It's as easy as riding a Fatbike

Fatbike Bundled up in three layers of clothing with my water in hand, I waited anxiously on Feb. 9 for the regular Monday night fatbike ride with the members of COGGS. Rudy O'Brien, one of the head ride and event coordinators for this organization graciously invited me to this tradition that has been going on for the last three years.

From starting at the Superior Zoo located off of Freemont Street, I had no idea where we were headed. Rudy later told me they would be biking up to Spirit Mountain. In hindsight, I should have better prepared my legs for this ride.

For someone who is riding for the first time during the winter, you should choose which day you ride based on the amount of snow on the ground.

"It could be a mixed bag," O'Brien said. "When you don't have much snow, it's good conditions. Trails are smoother than they are in the summer and you are riding on what is already packed. It makes for a good experience."

This particular trail that we would be riding was not exactly a trail at all, but more off the beaten path. So it seems that fatbikes are good for every terrain. There are certain trails that are better than others, and there are some to avoid. As I have not ridden a bike in over a year, I was also curious as to what trails other new bike riders should choose in the winter time.

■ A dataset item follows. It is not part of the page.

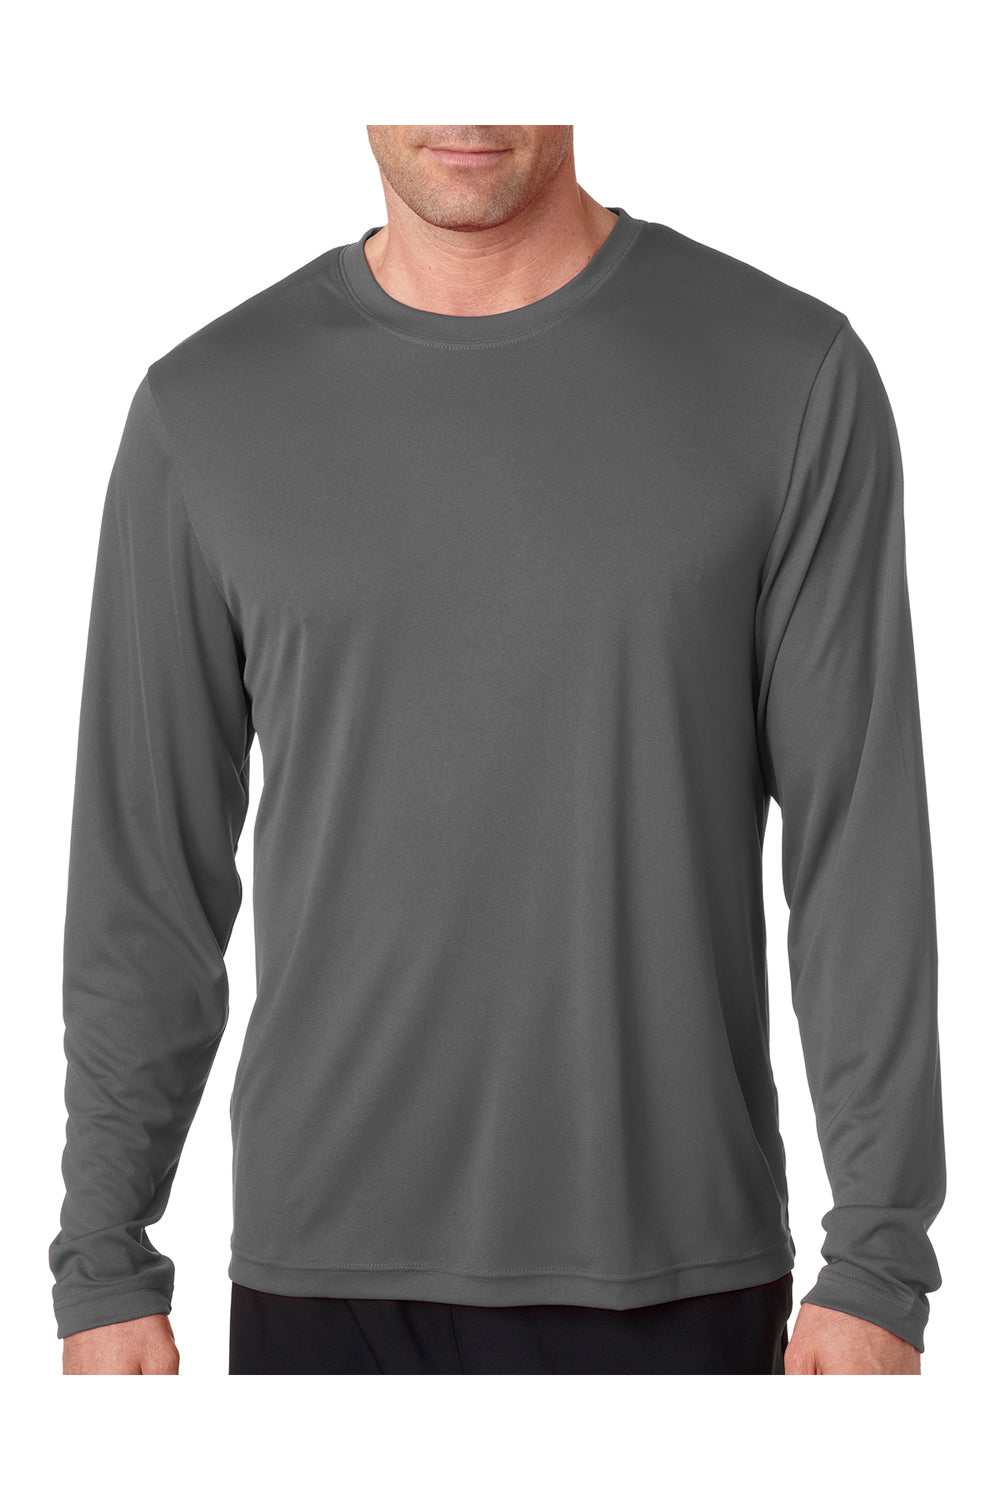 Hanes 482L Mens Cool DRI FreshIQ Moisture Wicking Long Sleeve Crewneck T-Shirt Graphite Grey Front

"In some locations the bikers are aloud on the ski trails, but not in Duluth," O'Brien said. "They share tails with hikers and runners. The skiers have their own trails. On the superior hiking trail there are no bikes allowed as well. Other than that, it can be ridden on almost everything except deep, deep snow. Hartley is a safe trail, even if the conditions are not good elsewhere because there is a lot of traffic. It is a good entry level trail and fun for bike riders of all levels."

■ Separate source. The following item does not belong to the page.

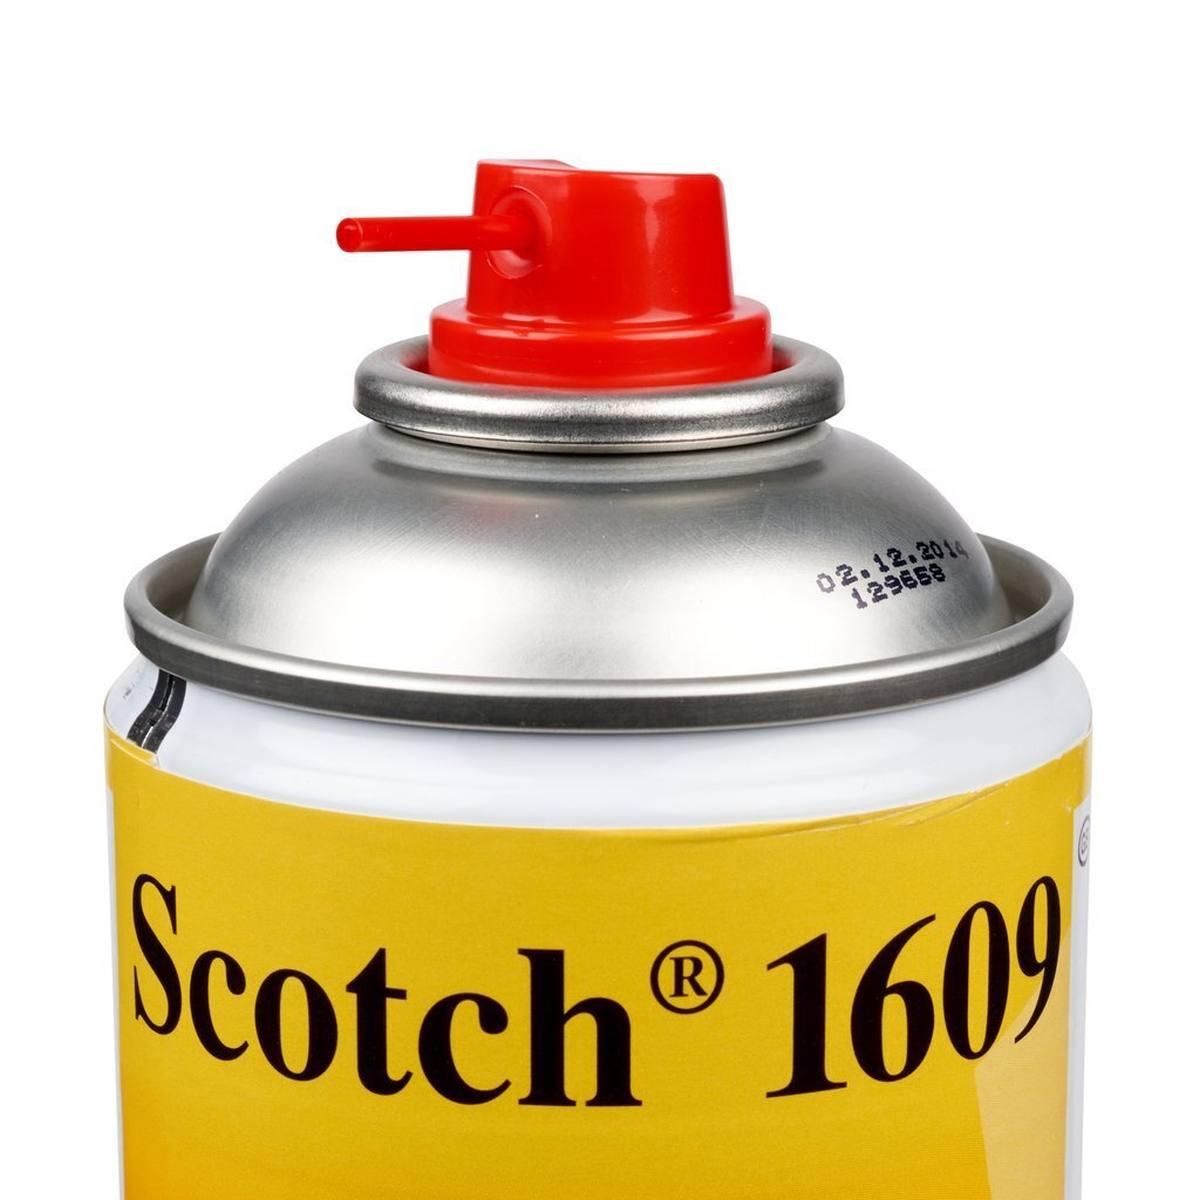 3M Scotch 1609 Yleissilikonsuihke, 400 ml

The fatbikes have been a growing trend in the Duluth area. Each year improvements have been made to the bikes. According to Adventure Cycling, the Surly Pugsley made the fatbike more widely available in 2005 and changed the biking scene dramatically.

"When the fatbikes started there was only one bike you could get," O'Brien said. "It was big and slow. There was more and more companies out there that began making fatbikes. They have gotten more light and durable over the years. There are now a number of bikes you can choose from and customization options for them."

I was sold. O'Brien finished lowering my seat, and we were off.

I road along with Rudy and four other members of the COGGS organization past the fenced perimeter of the zoo and into the woods. I was able to go over stumps and rocks with ease, although I actively tried to avoid them. I looked on as other riders went out of the view of my flashlight and down a hill. This would lead to my first fall.

I took a deep breath and road down the hill gaining speed quickly. Suddenly, I had to take a right turn or I would have ended up in a snow bank. I fell and got up immediately. I pedaled at the lowest gear up a steep hill and could feel my quadriceps tighten. Now behind the pack, Rudy and I came to the base of Spirit Mountain.

It was here where I had to throw in the white flag. As we road on a narrow path with woods on the left and a frozen stream on the right, I tried to maneuver my way around a large root instead of going over it. I fell once more and I was down for the count. The short, but strenuous ride had taken its toll on my legs enough. Rudy raced onward to inform the rest of the pack of my decision. We later road down together to the start of the ride where Rudy and I would part ways. It was a great opportunity for me to join him and his fellow COGG members on their Monday ride, but I was not prepared for such a lower body workout. Still, riding a fat bike in the winter season is an exhilarating experience.

"You will get that feeling you got when you were five, when you first road a bike. Fatbikes just make you smile," Rudy says.

I would have to agree with Rudy on this as I could not help but smile when I pedaled a fatbike for the first time that night. However, for more inexperienced riders like myself, there are fat bike tours you can take where you can get the full experience. Day Tripper Of Duluth has two, three and six hour fatbike tours. With these tours you have the option of riding on trails that include: Lester, Mission Creek, Hartley and Piedmont.

Fat bikes are sold at The Ski Hut and start at $1,500.